Data: Begin

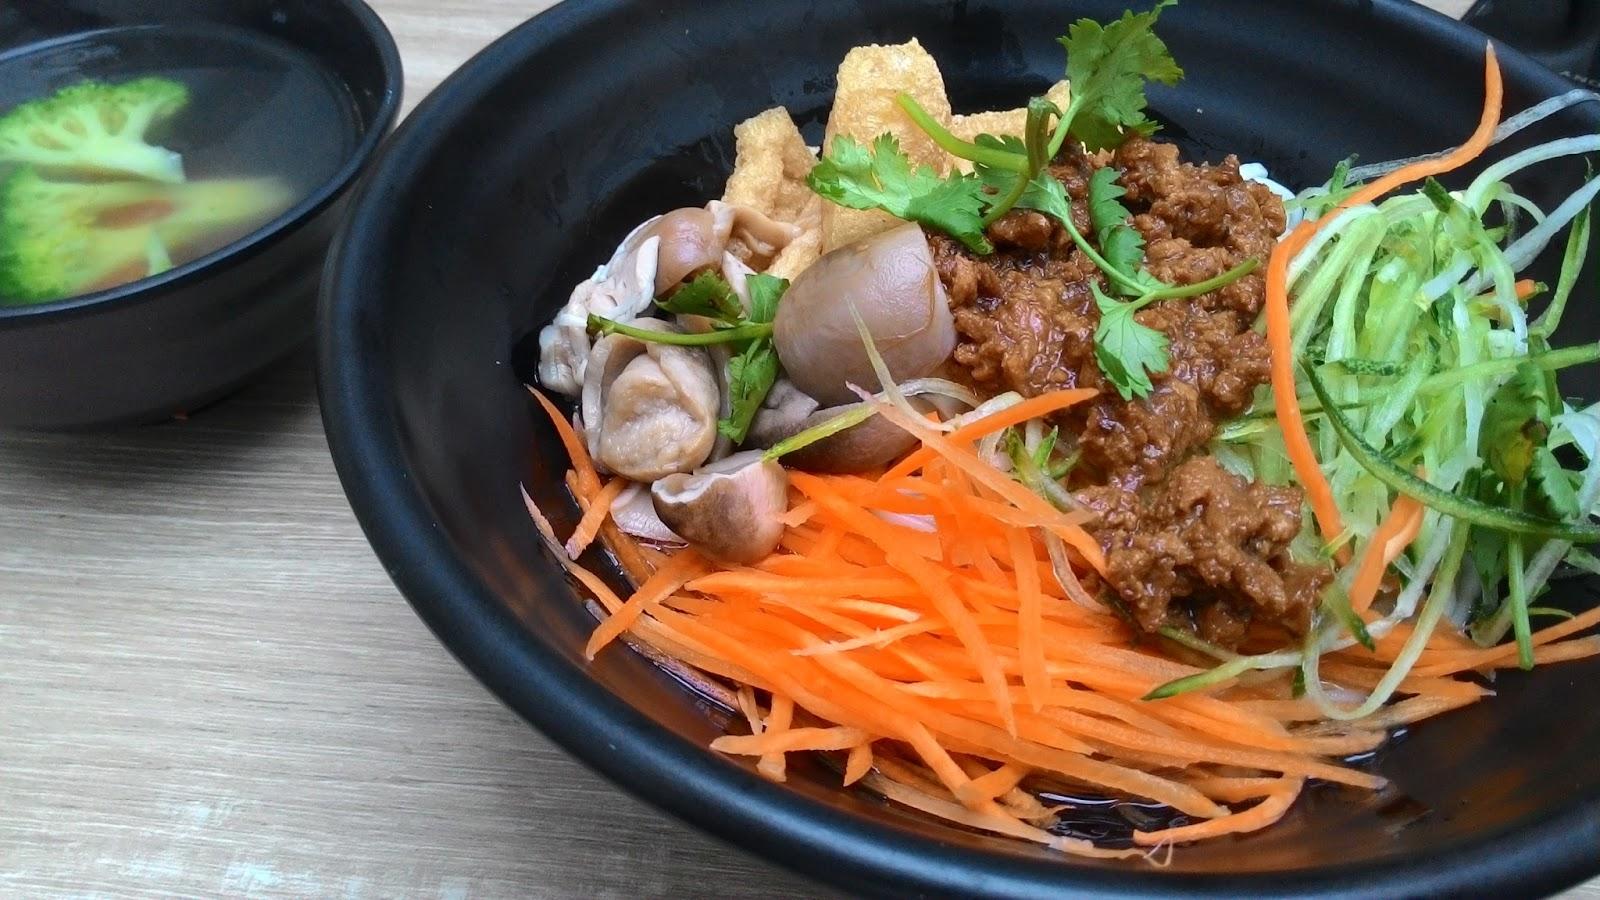 Chic vegetarian cuisine lighter meals healthier green - Green vegetarian cuisine ...
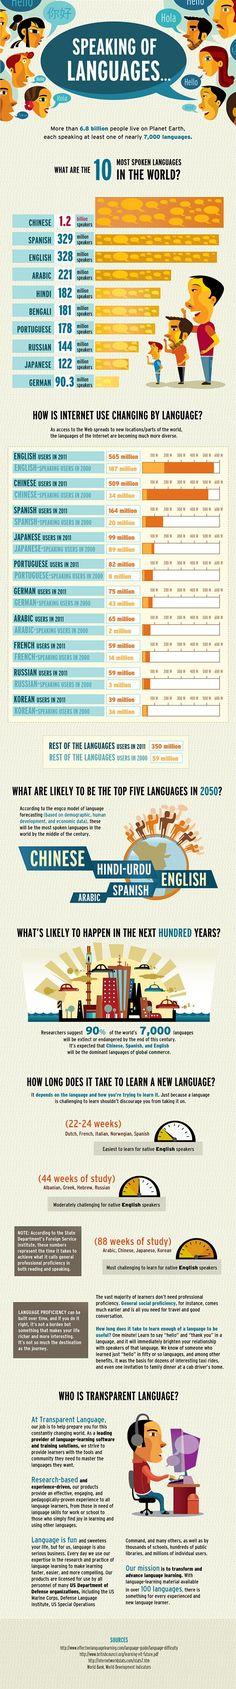 infographic-speaking-of-languages
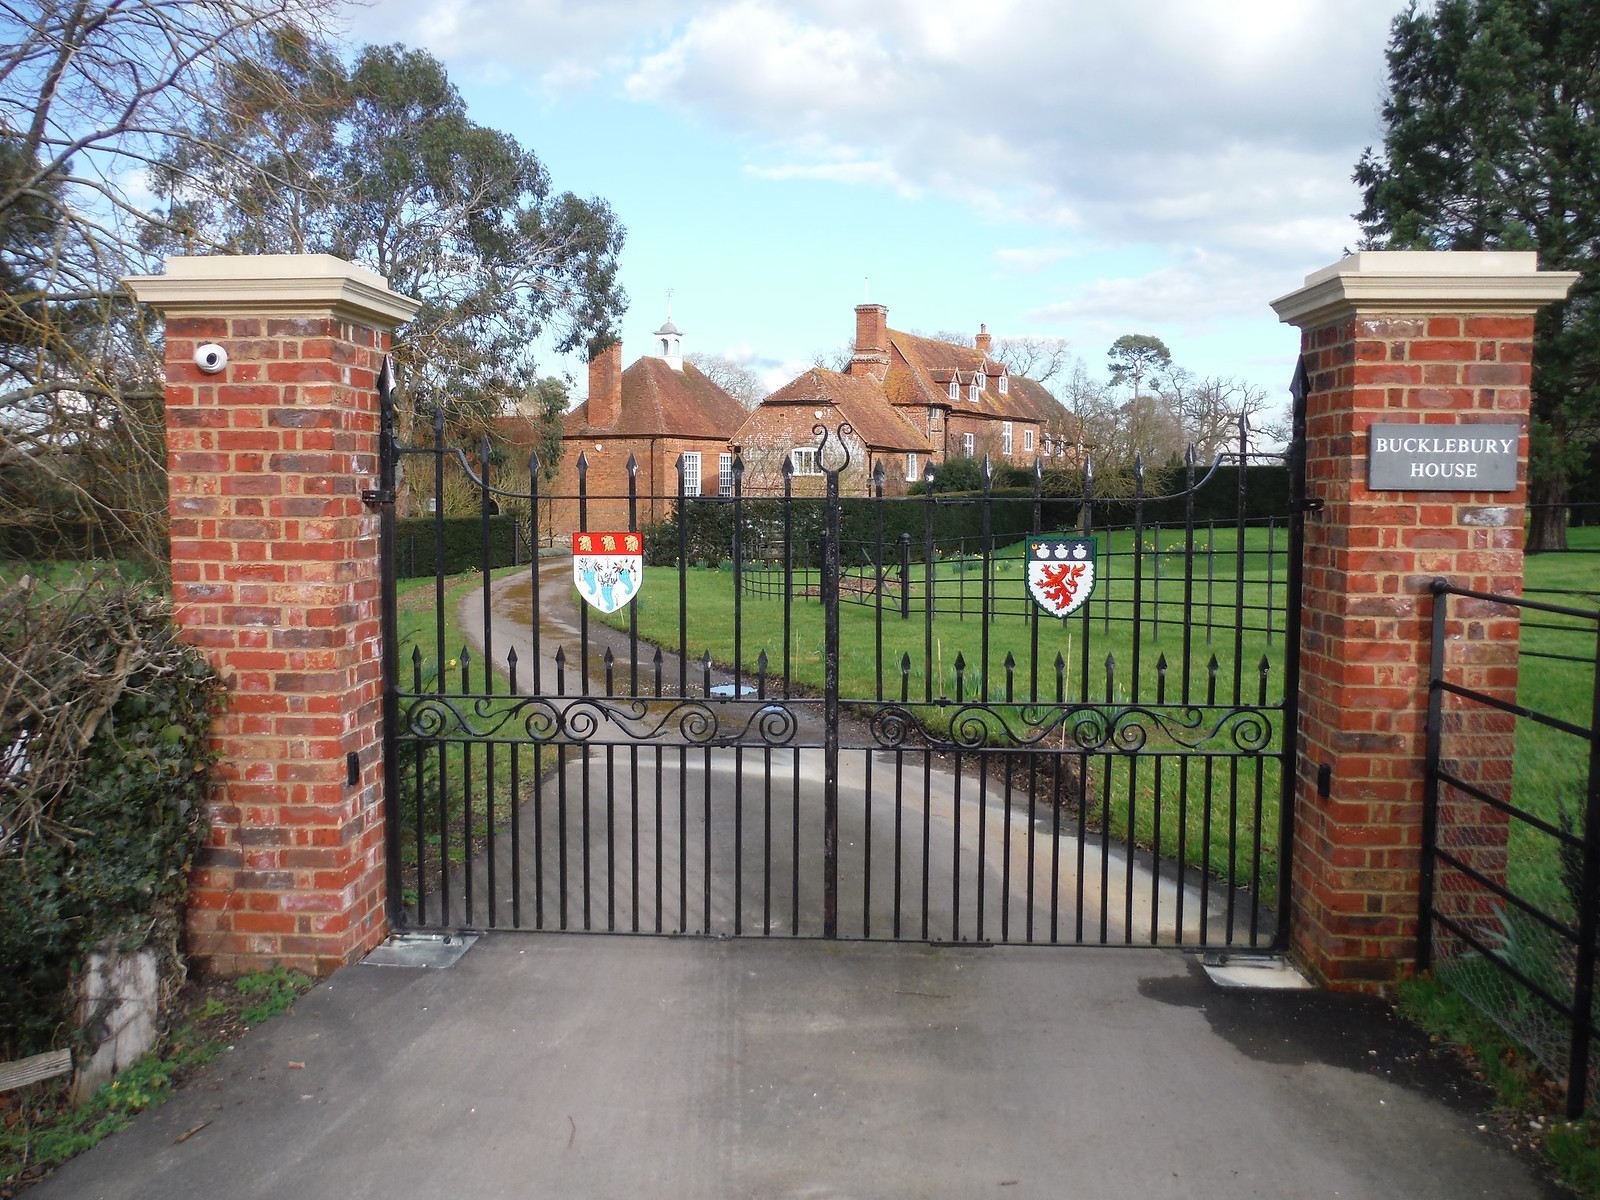 Gate to Bucklebury House SWC Walk 117 Aldermaston to Woolhampton (via Stanford Dingley)

Data: End

▸ Task prompt
Give the listing again in full, exactly as it is, but without its images.

▸ Expected output
 Chic vegetarian cuisine lighter meals healthier green - Green vegetarian cuisine ...
 infographic-speaking-of-languages
 Gate to Bucklebury House SWC Walk 117 Aldermaston to Woolhampton (via Stanford Dingley)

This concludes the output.